Dari beberapa pengertian otonomi daerah yang diberikan di atas, dapat dilihat bahwa secara
umum definisi yang diberikan oleh para ahli atau pakar mengenai otonomi daerah memiliki
kesamaan satu sama lain. Jika seluruh pengertian tersebut dirangkum, maka akan tampak unsur-
unsur sebagai berikut:
Pertama: adanya kewenangan atau kebebasan yang dimiliki oleh pemerintah daerah untuk
mengurus atau mengatur sendiri daerahnya.
Kedua: kebebasan atau kewenangan tersebut, merupakan pemberian dari pemerintah pusat dan
karenanya harus tunduk pada peraturan perundang-undangan yang lebih tinggi atau secara nasional.
Ketiga: kebebasan atau kewenangan yang diberikan oleh pemerintah pusat kepada pemerintah
daerah bertujuan untuk kemudahan pemanfaatan potensi lokal dalam rangka mensejahterakan
masyarakat.
Dalam peraturan perundang-undangan terkini mengenai otonomi daerah di Indonesia, yaitu
berdasarkan Undang-Undang (UU) Nomor 23 Tahun 2014 tentang Pemerintahan Daerah, otonomi
diartikan sebagai hak, wewenang, dan kewajiban daerah otonom untuk mengatur dan mengurus
sendiri urusan pemerintahan dan kepentingan masyarakat setempat dalam sistem Negara Kesatuan
Republik Indonesia. Sedangkan istilah daerah otonom, diartikan sebagai kesatuan masyarakat
hukum yang mempunyai batas-batas wilayah yang berwenang mengatur dan mengurus urusan
pemerintahan dan kepentingan masyarakat setempat menurut prakarsa sendiri berdasarkan
aspirasi masyarakat dalam sistem Negara Kesatuan Republik Indonesia. Pengertian ini menjadi
payung hukum bagi praktik otonomi daerah di Indonesia.
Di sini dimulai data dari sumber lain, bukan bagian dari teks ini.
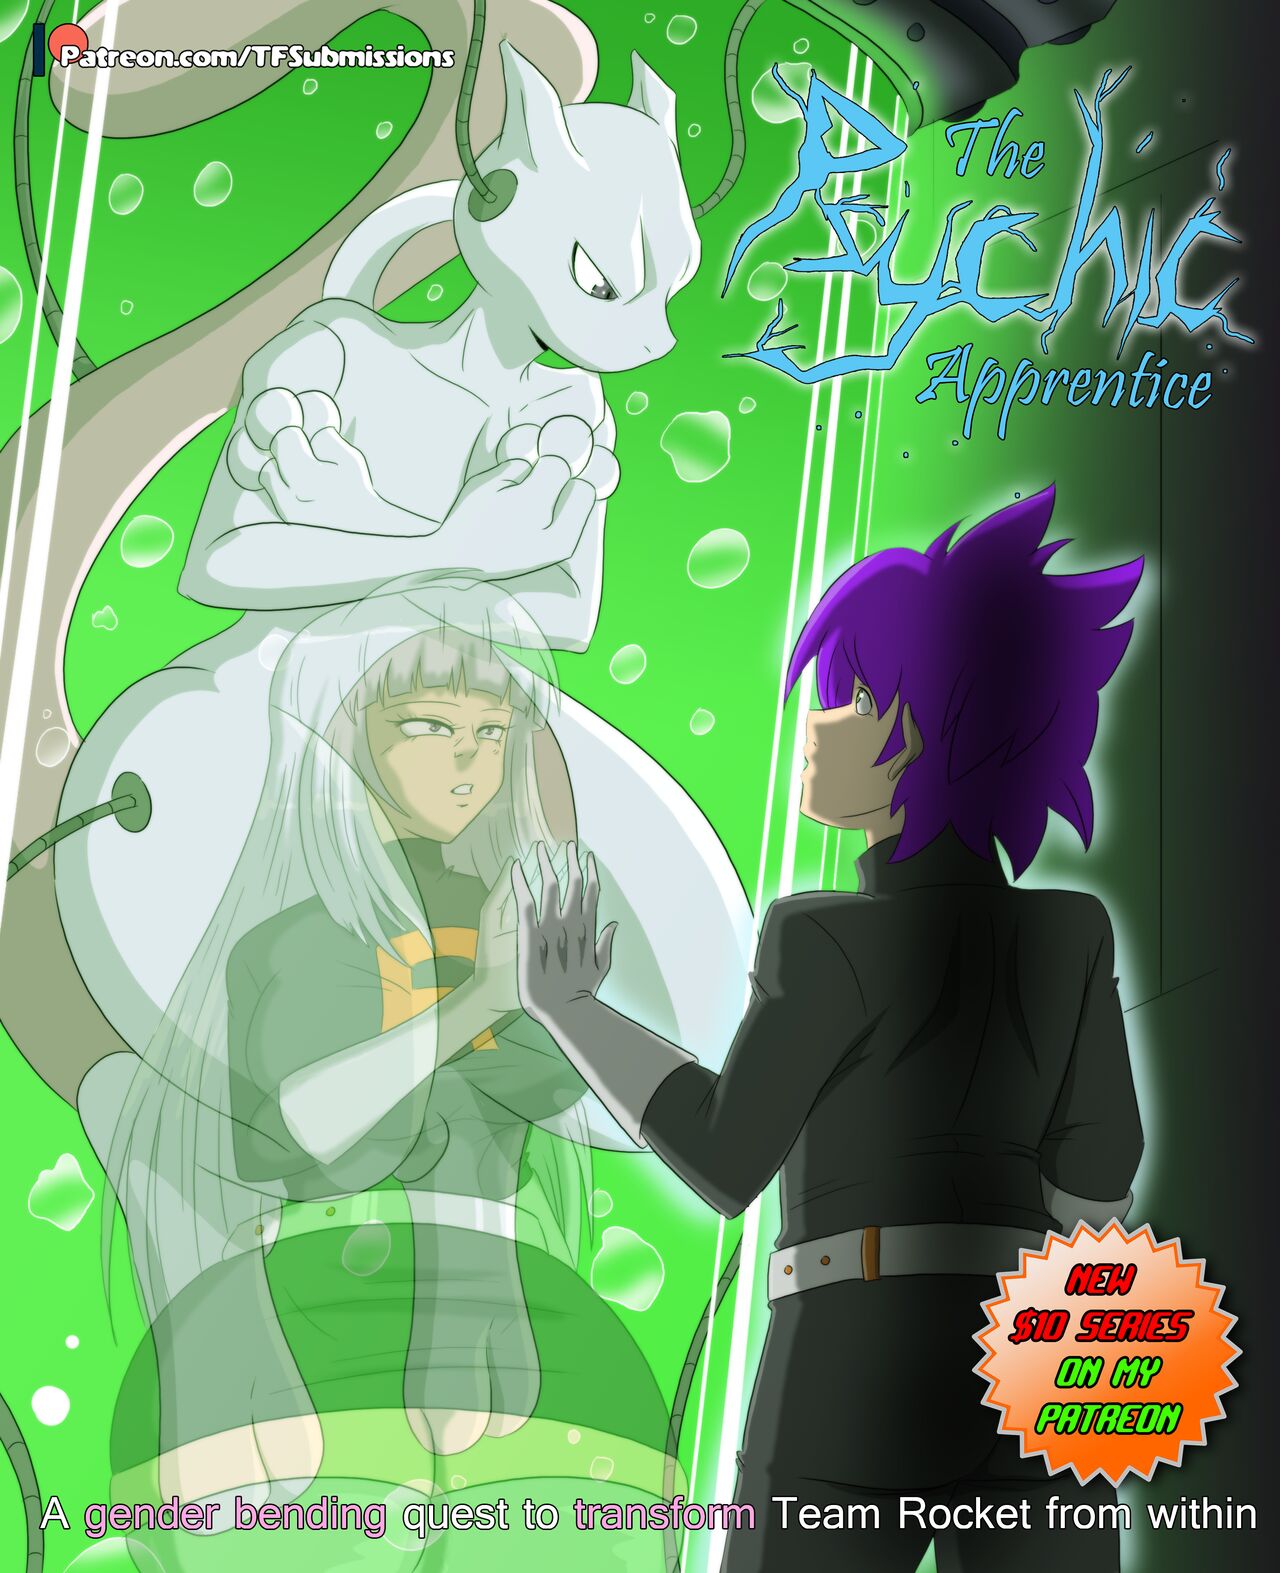 The Psychic Apprentice Tfsubmissions 01

Definisi tersebut sekaligus menegaskan
bahwa otonomi daerah di Indonesia bukanlah bersifat federal, namun dibatasi dengan keterikatan
pada sistem kenegaraan yang ada.
Jenis-Jenis Desentralisasi
Para ahli memiliki beberapa pandangan yang tidak jauh berbeda mengenai jenis atau bentuk
desentralisasi. Pandangan-pandangan tersebut dapat dikumpulkan dalam beberapa istilah bentuk
desentralisasi sebagai berikut (Muluk, 2009).
a. Privatisasi
memberikan semua tanggung jawab atas fungsi-fungsi kepada organisasi non pemerintah
atau perusahaan swasta yang independen dari pemerintah.
5 dari 18
b. Deregulasi
mengurangi atau menghilangkan aturan tertentu.
c. Delegasi
perpindahan tanggung jawab fungsi-fungsi tertentu kepada organisasi di luar struktur
birokrasi reguler dan hanya secara tidak langsung dikontrol oleh pemerintah pusat.
d. Dekonsentrasi
penyerahan sejumlah kewenangan atau tanggung jawab administrasi kepada tingkatan yang
lebih rendah dalam kementerian atau badan pemerintah.
e. Devolusi
pembentukan dan penguatan unit-unit pemerintahan sub-nasional dengan aktivitas yang
secara substansial berada di luar kontrol pemerintah pusat
Berbagai jenis desentralisasi ini seluruhnya masih tercakup dalam semesta konsep Desentralisasi
Fiskal. Bahkan seluruh jenis desentralisasi tersebut dapat diletakkan dalam suatu garis kontinum
yang tidak terputus menghubungkan dua titik ekstrim: sentralisasi dan desentralisasi. Situasi ini juga
dapat digambarkan dengan analogi pendulum yang selalu bergerak di antara kedua titik ekstrim
tersebut.
6 dari 18
Proses Implementasi Desentralisasi Fiskal
Penerapan Desentralisasi Fiskal di suatu negara, membutuhkan sebuah proses yang penuh
komitmen dan semangat perbaikan. Proses ini tentu sangat krusial di dalam sebuah periode
perubahan. Sebuah kertas kebijakan yang disusun Bahl, menawarkan 12 langkah implementasi
Desentralisasi Fiskal yang dapat diikuti agar maksud dan tujuan kebijakan dapat tercapai (Bahl,
1999). Langkah-langkah tersebut, yaitu:
1. Desentralisasi Fiskal haruslah dipandang sebagai satu sistem yang komprehensif;
2. Keuangan mengikuti fungsi (Finance follows function);
3. Terdapat kemampuan yang kuat dari pusat untuk memonitor dan mengevaluasi
Desentralisasi Fiskal
4. Satu sistem pemerintahan tidak mencukupi untuk menangani daerah perkotaan (urban) dan
pedesaan (rural);
5. Desentralisasi Fiskal membutuhkan kewenangan pajak daerah yang signifikan (local taxing
power);
6. Pemerintah pusat harus konsisten dalam menjalankan aturan Desentralisasi Fiskal yang
disusun;
7. Pertahankan kesederhanaan;
8. Desain dari sistem transfer antarpemerintahan harus sesuai dengan tujuan reformasi
desentralisasi;
9. Desentralisasi Fiskal harus memperhitungkan seluruh level pemerintahan;
10. Menerapkan dengan ketat kebijakan anggaran (hard budget constraint);
11. Menyadari bahwa sistem transfer antarpemerintahan selalu dalam transisi dan
mengantisipasinya;
12. Pastikan selalu ada juara dalam Desentralisasi Fiskal.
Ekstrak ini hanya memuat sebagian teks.